The operative words in these verses about faith are “walk” and “speak.” In other words, faith is not what you believe, but what you do because you believe. When you believe Jesus is the risen Christ, you act accordingly. And what is the source of our faith?

“looking unto Jesus, the author and finisher of our faith, who for the joy that was set before Him endured the cross, despising the shame, and has sat down at the right hand of the throne of God” Hebrews 12:2.

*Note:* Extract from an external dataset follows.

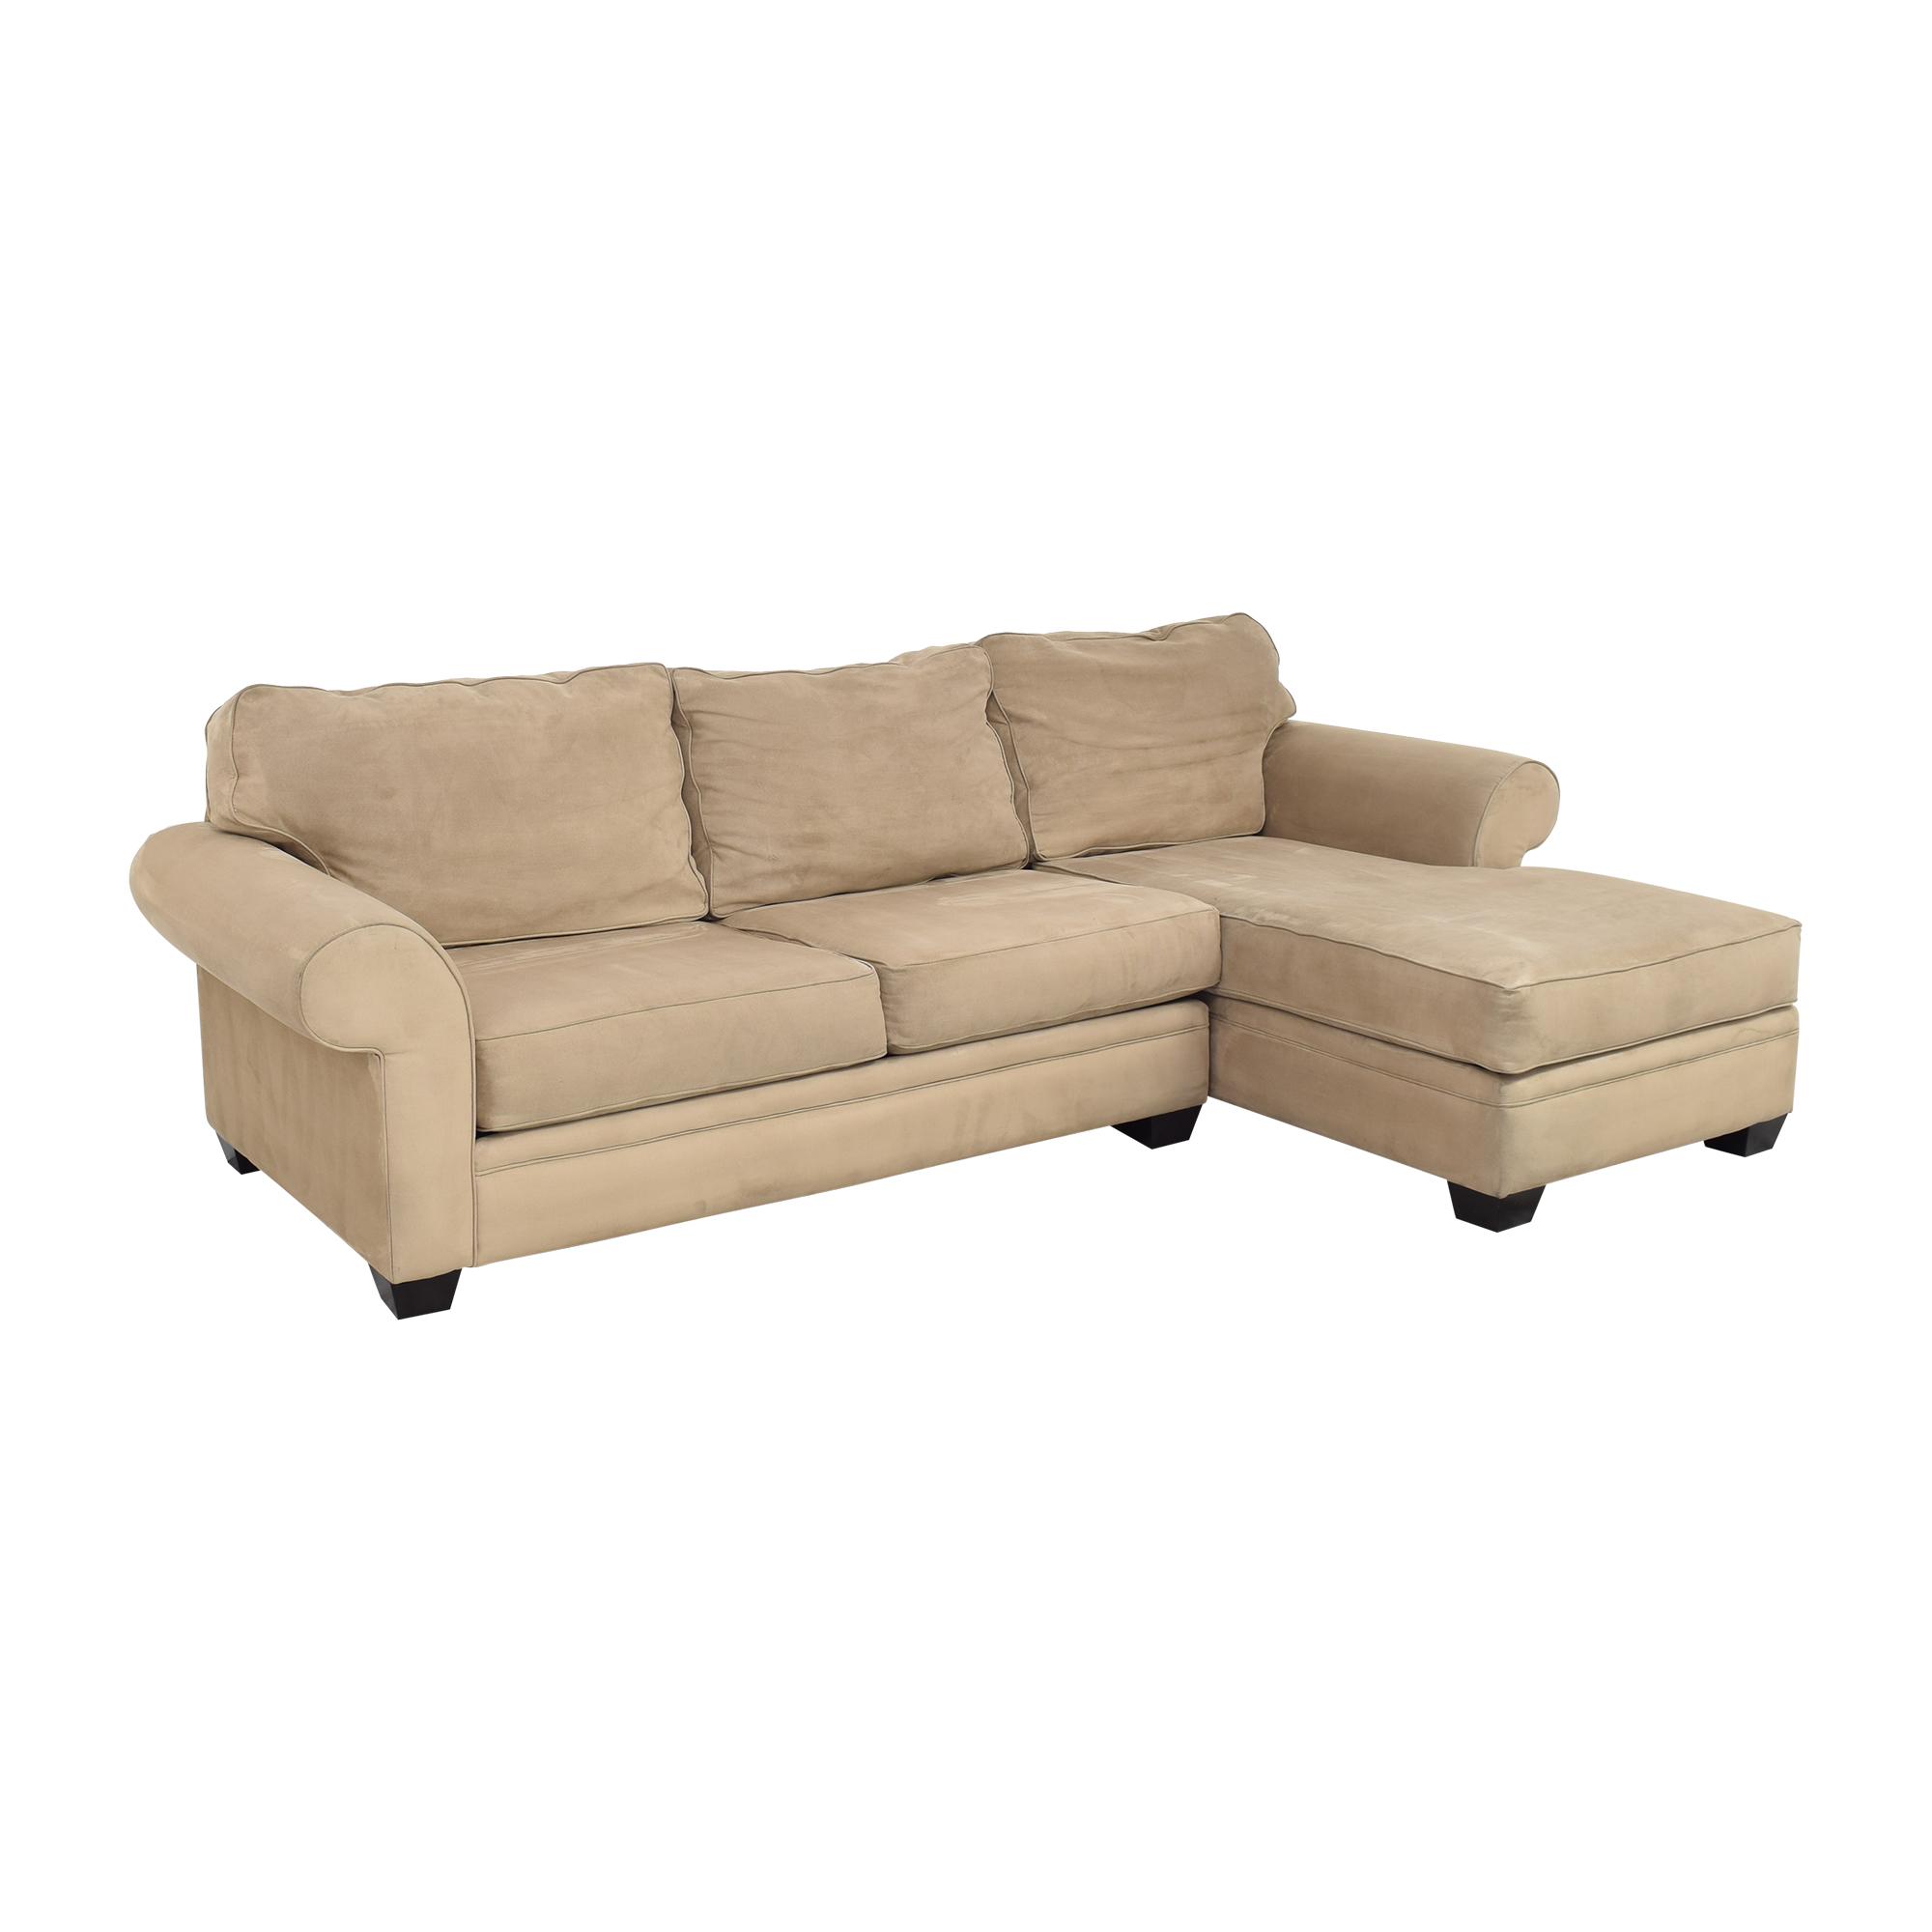 Jonathan Louis Chaise Sectional Sofa sale

Not only is Jesus the object of our faith, He is the source of our faith. The faith that takes us from pitiful victims to victorious warriors. Notice Paul says, “Above all, taking the shield of faith.” Why “above all”? Because without faith, none of the other “pieces of armor” will manifest. As it is written, “But without faith it is impossible to please Him, for he who comes to God must believe that He is, and that He is a rewarder of those who diligently seek Him” Hebrews 11:6.

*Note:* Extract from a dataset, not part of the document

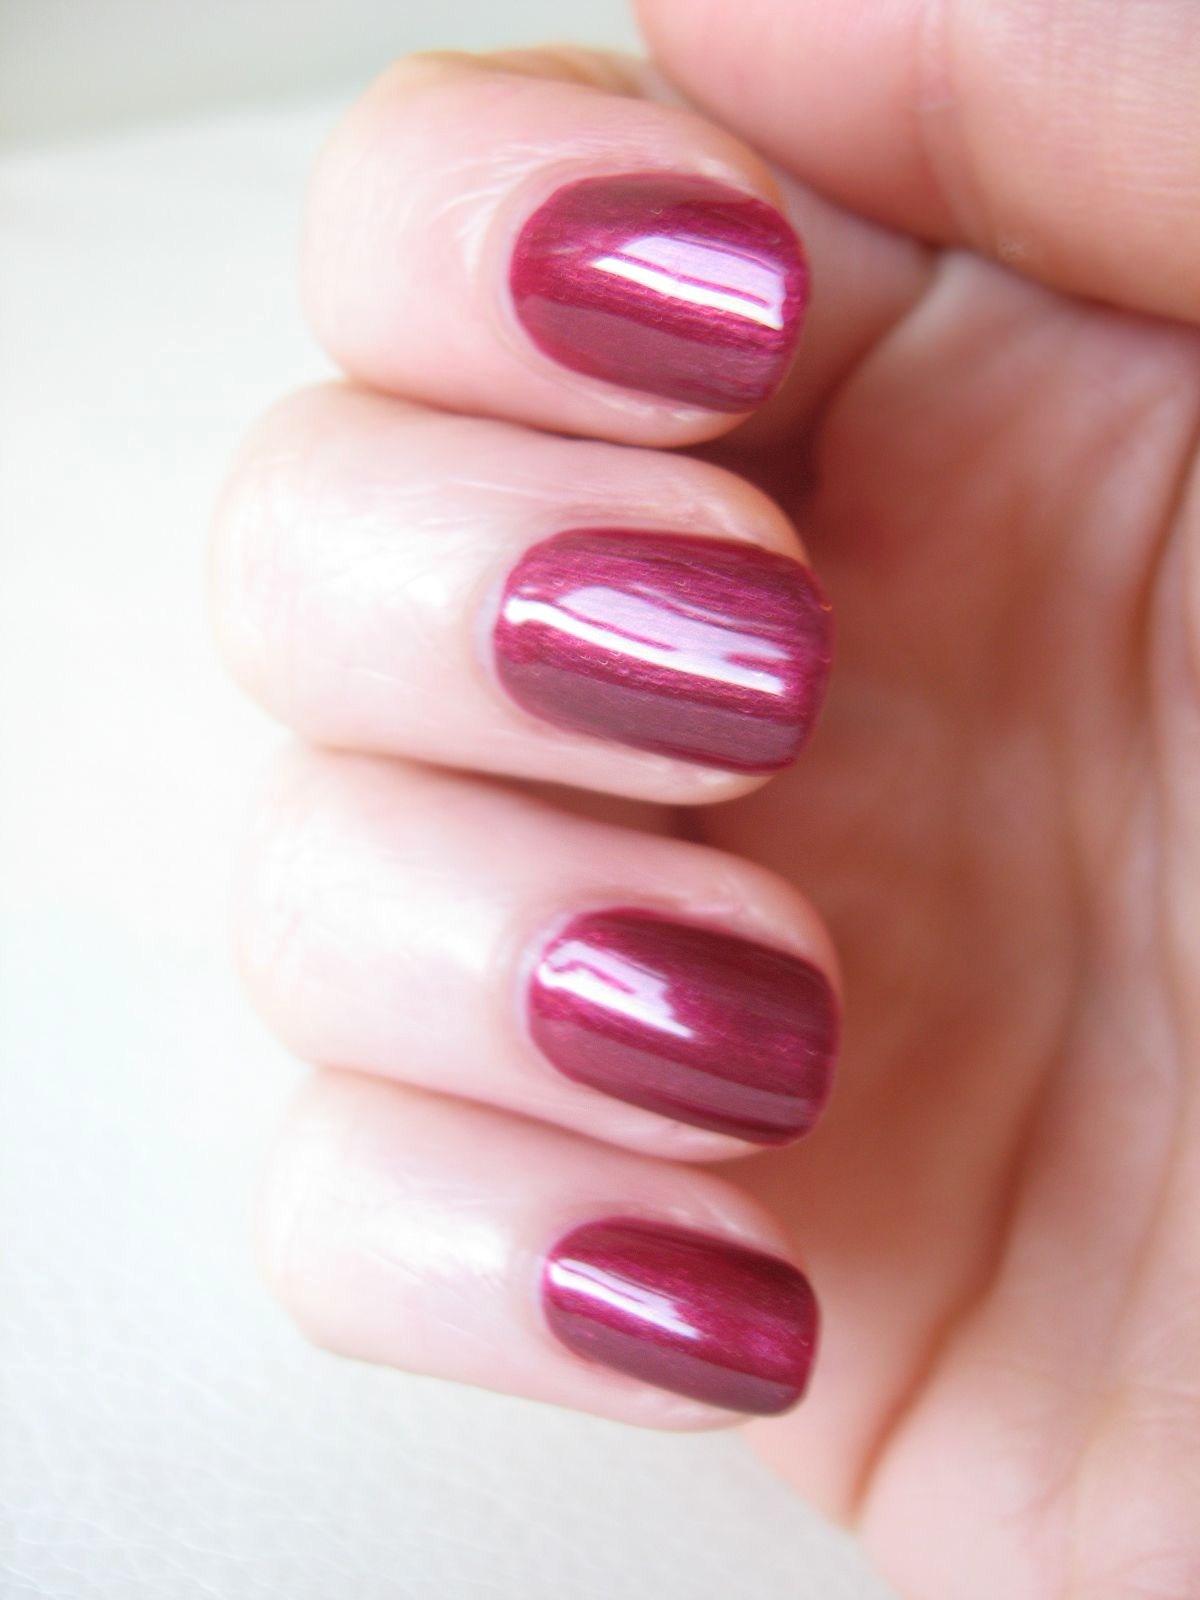 How to perfectly apply Nail Polish | Makeup Savvy - makeup and ...

Ephesians 6:17: “And take the helmet of salvation, and the sword of the Spirit, which is the word of God;”

We know a helmet covers the head and that “take” refers to taking a hold of something and abiding in it, but what is salvation? The literal translation of the Hebrew name, Jesus, or Jehoshua, is “salvation,” or “Jehovah is salvation.”

“For ‘who has known the mind of the Lord that he may instruct Him?’ But we have the mind of Christ” 1 Corinthians 2:16.

Here again, we see submission to Christ–even our very thoughts. How do you have the mind of Christ? Quite simply, the more time you spend with someone, the more alike you begin to think. This is what Paul spoke of when he said: “And do not be conformed to this world, but be transformed by the renewing of your mind, that you may prove what is that good and acceptable and perfect will of God” Romans 12:2.

Even our greatest offensive weapon, the sword of the Spirit, the Word of God, is Christ himself.

“And the Word became flesh and dwelt among us, and we beheld His glory, the glory as of the only begotten of the Father, full of grace and truth” John 1:14.

While Paul used a familiar symbol of power to teach this lesson, we must not get stuck on the physical aspects of it or our ability to “put it on.” We have to go deeper. Think about the ramifications of a soldier putting on the armor of the Roman Army. The soldier was making a public declaration that they were submitting to the authority of Cesar—body, soul, and spirit. They were saying, “I am the right arm of Cesar, acting on his authority.”

For we who are born of the Spirit, we are also called to submit to our Lord and Savior body, soul, and spirit. But we are not called to just “put on” an outfit. We are called to abide in Christ, as He abides in us, allowing Him to work in and through us, renewing our minds, transforming our hearts, and taking back all the enemy has stolen from us in the power of the risen Christ. We are called to conquer.

The beauty with our Lord is that He doesn’t ask us to do anything He has not done Himself.

“He saw that there was no man,
And wondered that there was no intercessor;
Therefore His own arm brought salvation for Him;
And His own righteousness, it sustained Him.
For He put on righteousness as a breastplate,
And a helmet of salvation on His head;”
Isaiah 59:16, 17.

My prayer is that we may all pursue not the armor of God, but the person of God in His Risen Christ. That we may covet time alone with Him above all else, seeking His face, listening for His voice. Believing that He will saturate us with His spirit, showing us great and mighty things we do not know, opening our spiritual eyes and ears, pouring out His Spirit of Wisdom and Revelation. That we may be filled with all His fullness and walk out that fullness as true warriors of God.

In fact, I can think of no greater New Year’s resolution.